Senate Rules from the Internal Point of View

As I mentioned in my last post, Professor Chemerinsky’s description of the 1975 Senate vote in sustain Majority Leader Mike Mansfield’s point of order changed slightly from his 1997 article to his 2005 article. In the former he said that the vote “establish[ed] that a majority of the Senate would abide by the supermajority requirements for amending Senate rules,” while in the latter he said that the vote “establish[ed] that the majority of the Senate at that time favored the supermajority requirement for amending the Senate Rules.”

What is interesting is that neither statement describes the Senate’s vote as a legal ruling. According to Vice President Rockefeller’s ruling on Mansfield’s point of order, the question presented to the Senate was whether invoking cloture on Senator Mondale’s motion to amend the rules was subject to a supermajority vote under Rule XXII, as Mansfield contended, or whether a simple majority had the constitutional authority to invoke cloture, as supporters of Mondale’s motion argued.
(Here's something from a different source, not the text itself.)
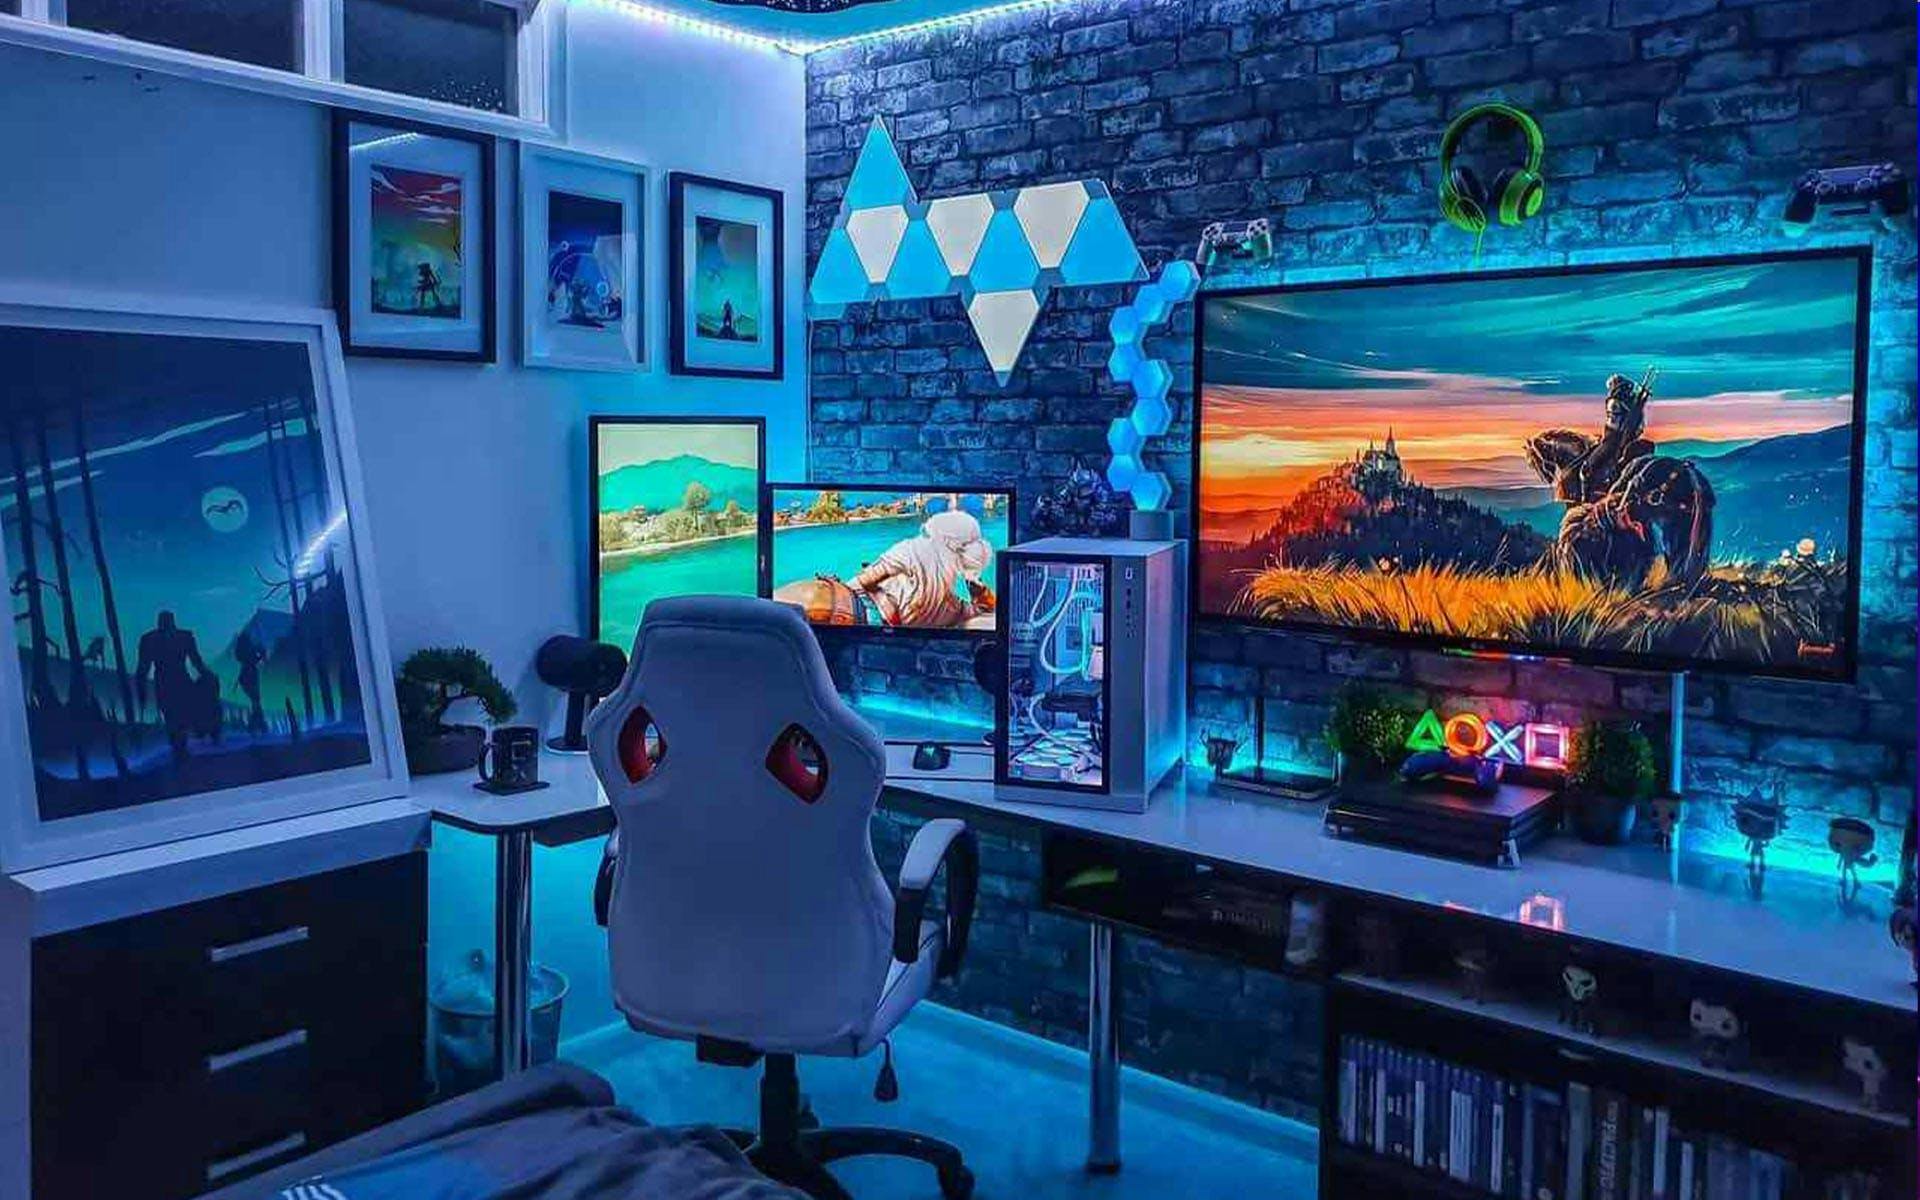 This gaming room looks like a unified whole | Credit: pinterest.com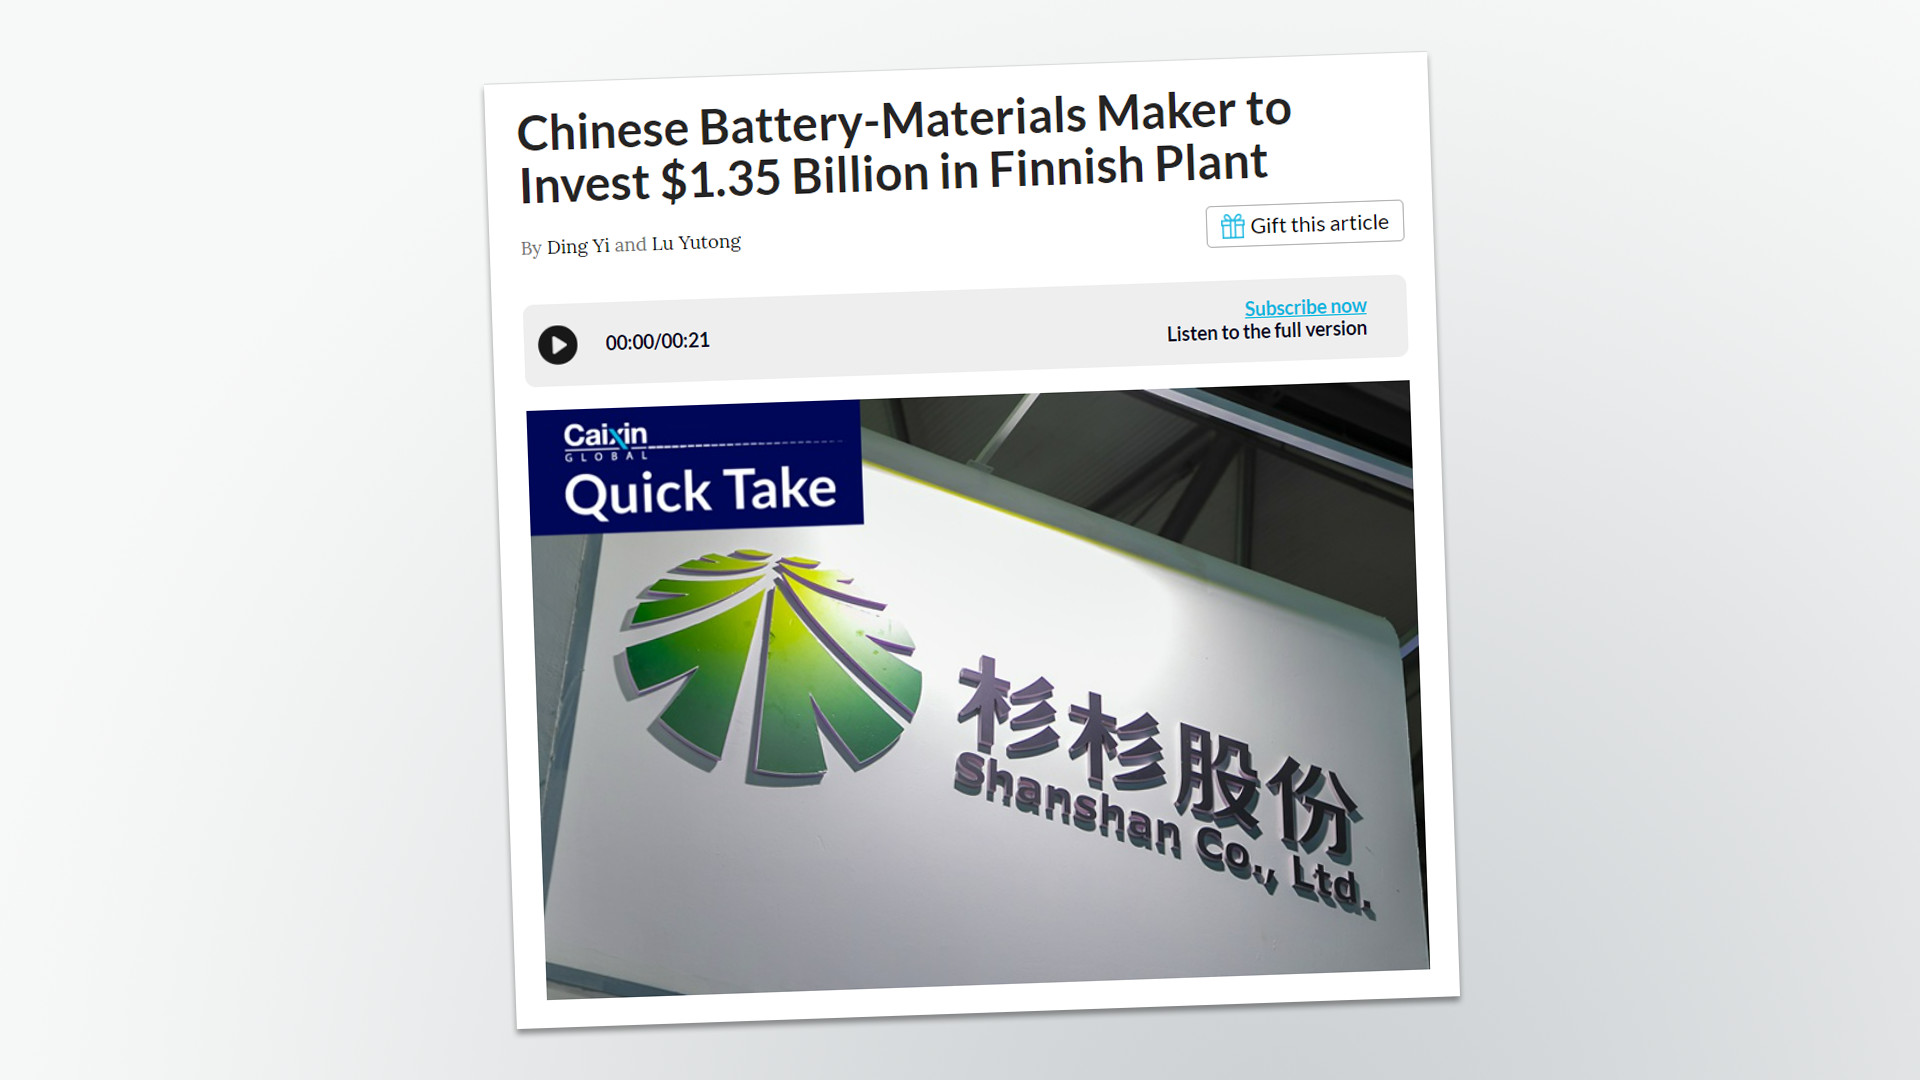 A Chinese company is building a 1.3 billion euro battery material factory in Finland

By upholding Mansfield’s point of order, the Senate clearly understood it was resolving this legal question.

A lawyer (or Senate parliamentarian) might be expected to describe the Senate’s action something like this: “The Senate rejected a constitutional challenge to the continuing validity of Rule XXII as applied to a motion to amend the rules in a new Congress.” Or, as the late Senator Robert Byrd wrote in his history of the Senate: “by this action, as the Rules Committee’s published history stated, the Senate ‘erased the precedent of majority cloture established two weeks before, and reaffirmed the continuous nature of the Senate rules.’” See R. Arenberg & R. Dove, Defending the Filibuster 131 (2012).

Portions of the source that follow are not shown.